**Data for the task:**
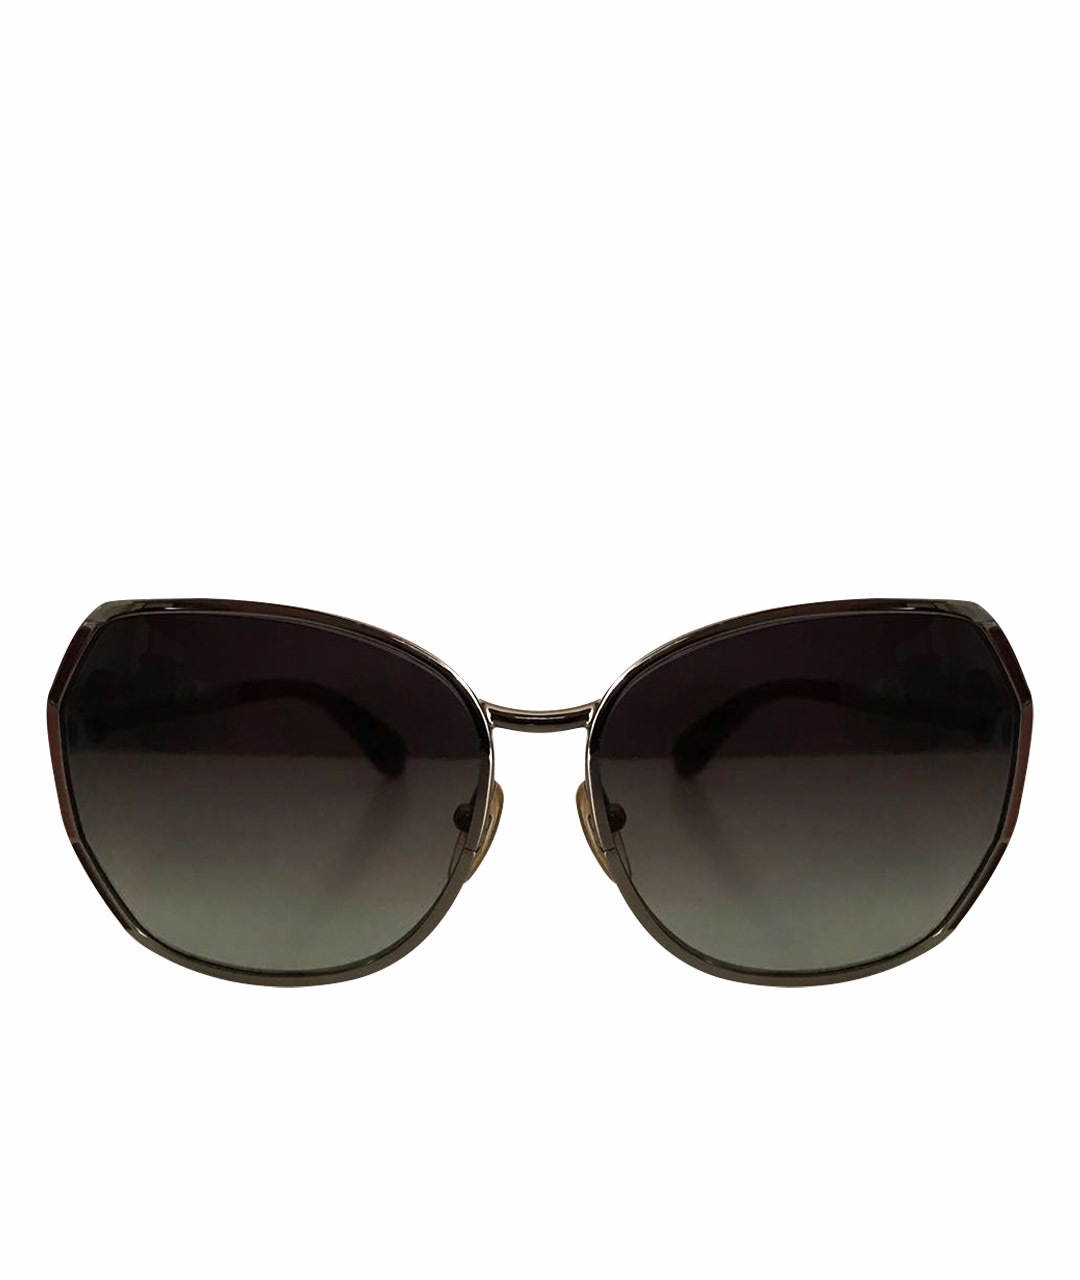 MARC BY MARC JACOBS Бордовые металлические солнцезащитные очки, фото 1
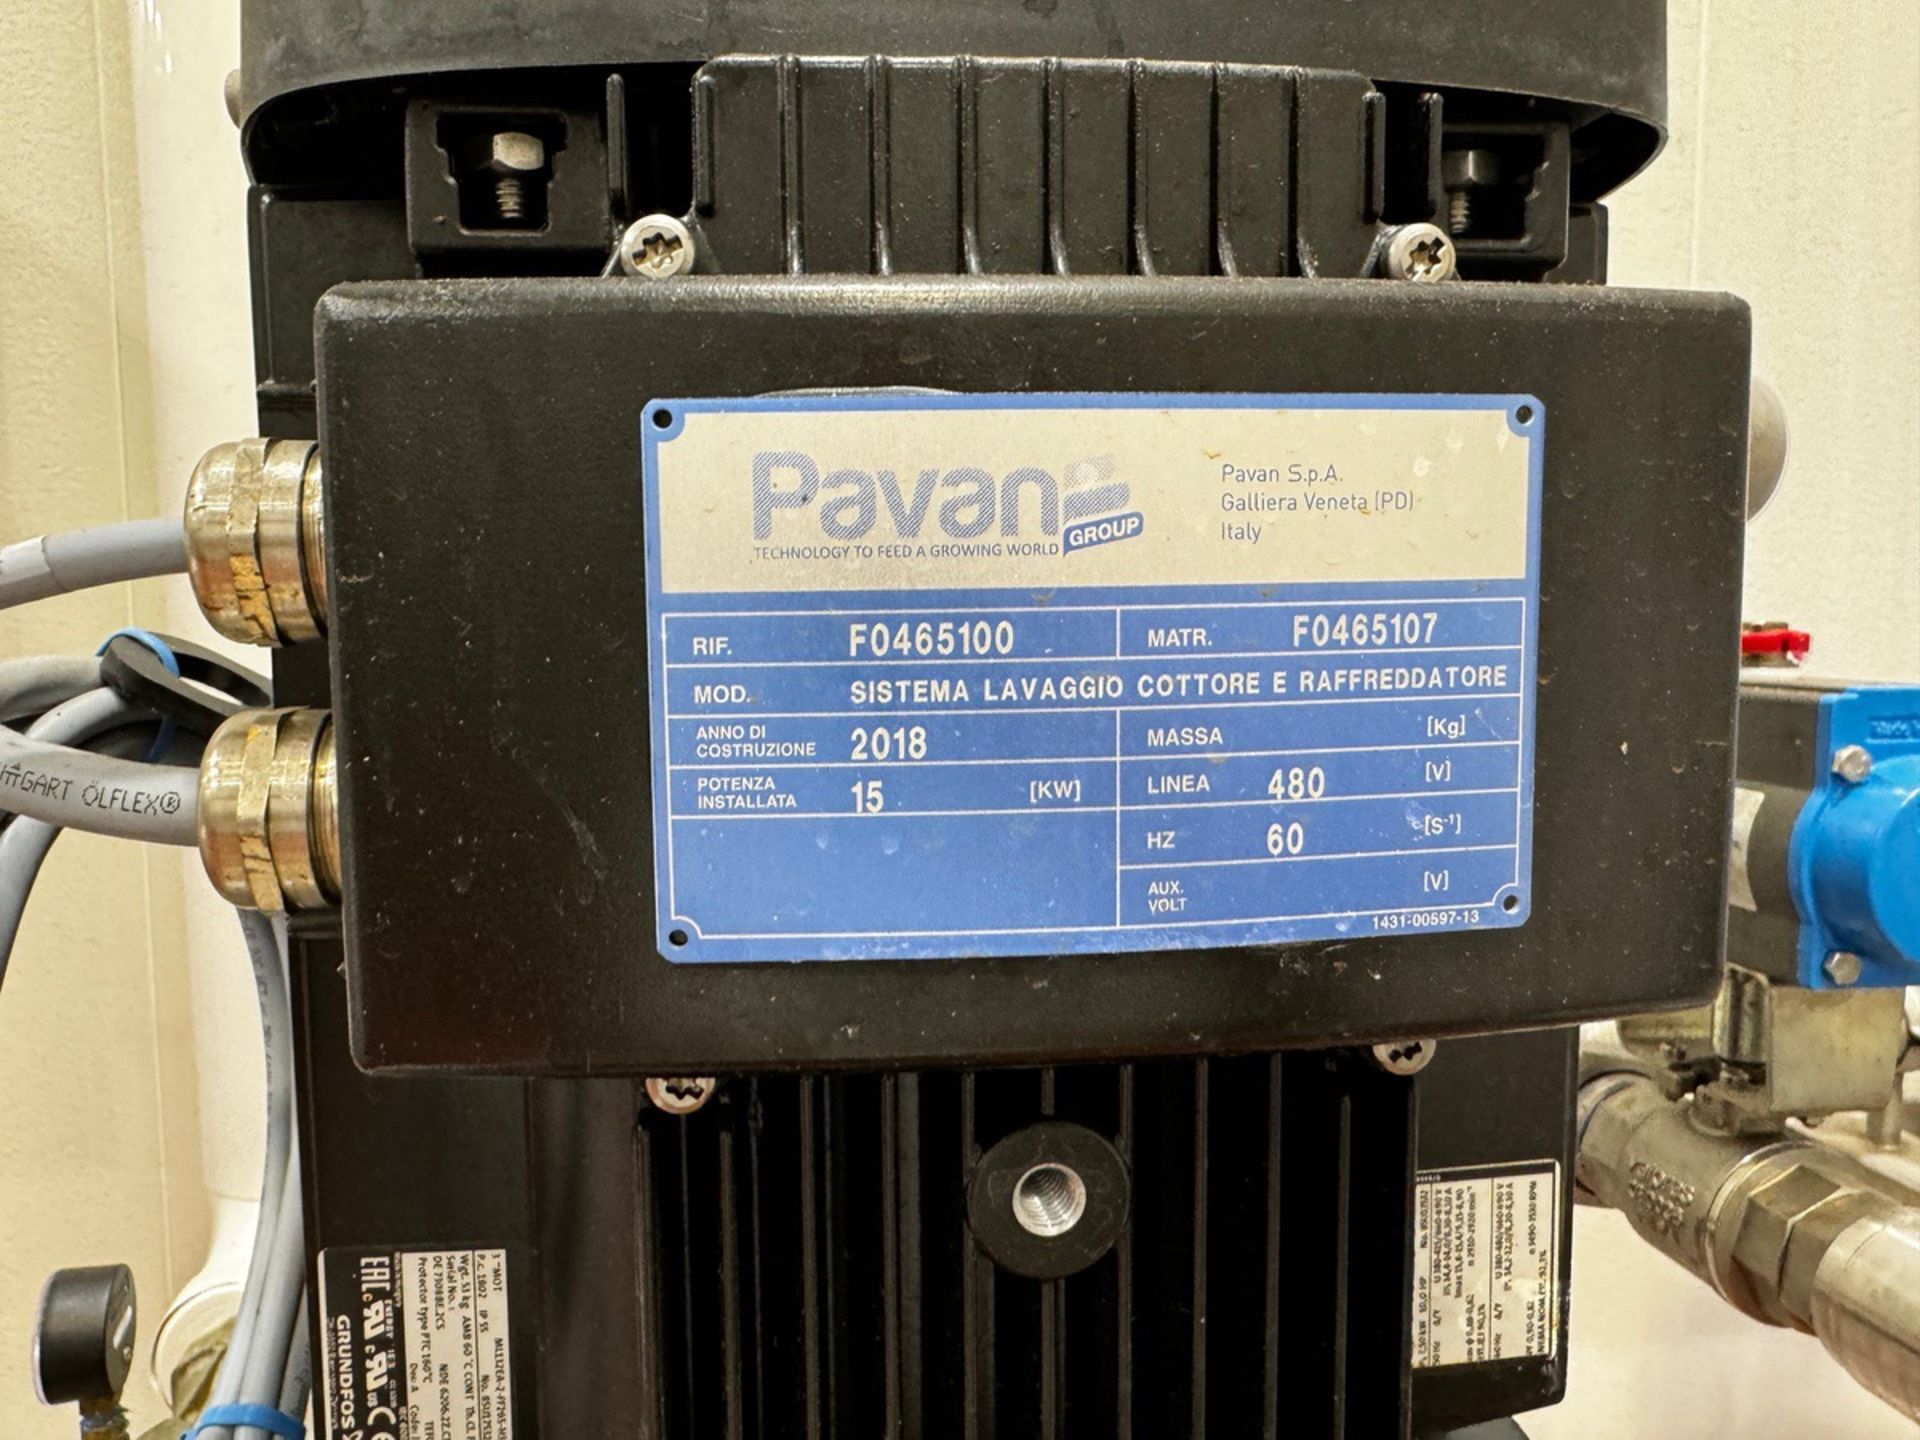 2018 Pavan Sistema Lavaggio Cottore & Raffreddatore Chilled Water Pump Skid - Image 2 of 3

---

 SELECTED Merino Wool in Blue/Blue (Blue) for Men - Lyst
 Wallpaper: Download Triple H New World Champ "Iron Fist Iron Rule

**About this task:** Pictures are to be left out. Write out only the lines above starting at the one with "MARC BY MARC" and ending at the one with "2018 Pavan Sistema", both lines included, exactly.

**Task solution:**
 MARC BY MARC JACOBS Бордовые металлические солнцезащитные очки, фото 1
 2018 Pavan Sistema Lavaggio Cottore & Raffreddatore Chilled Water Pump Skid - Image 2 of 3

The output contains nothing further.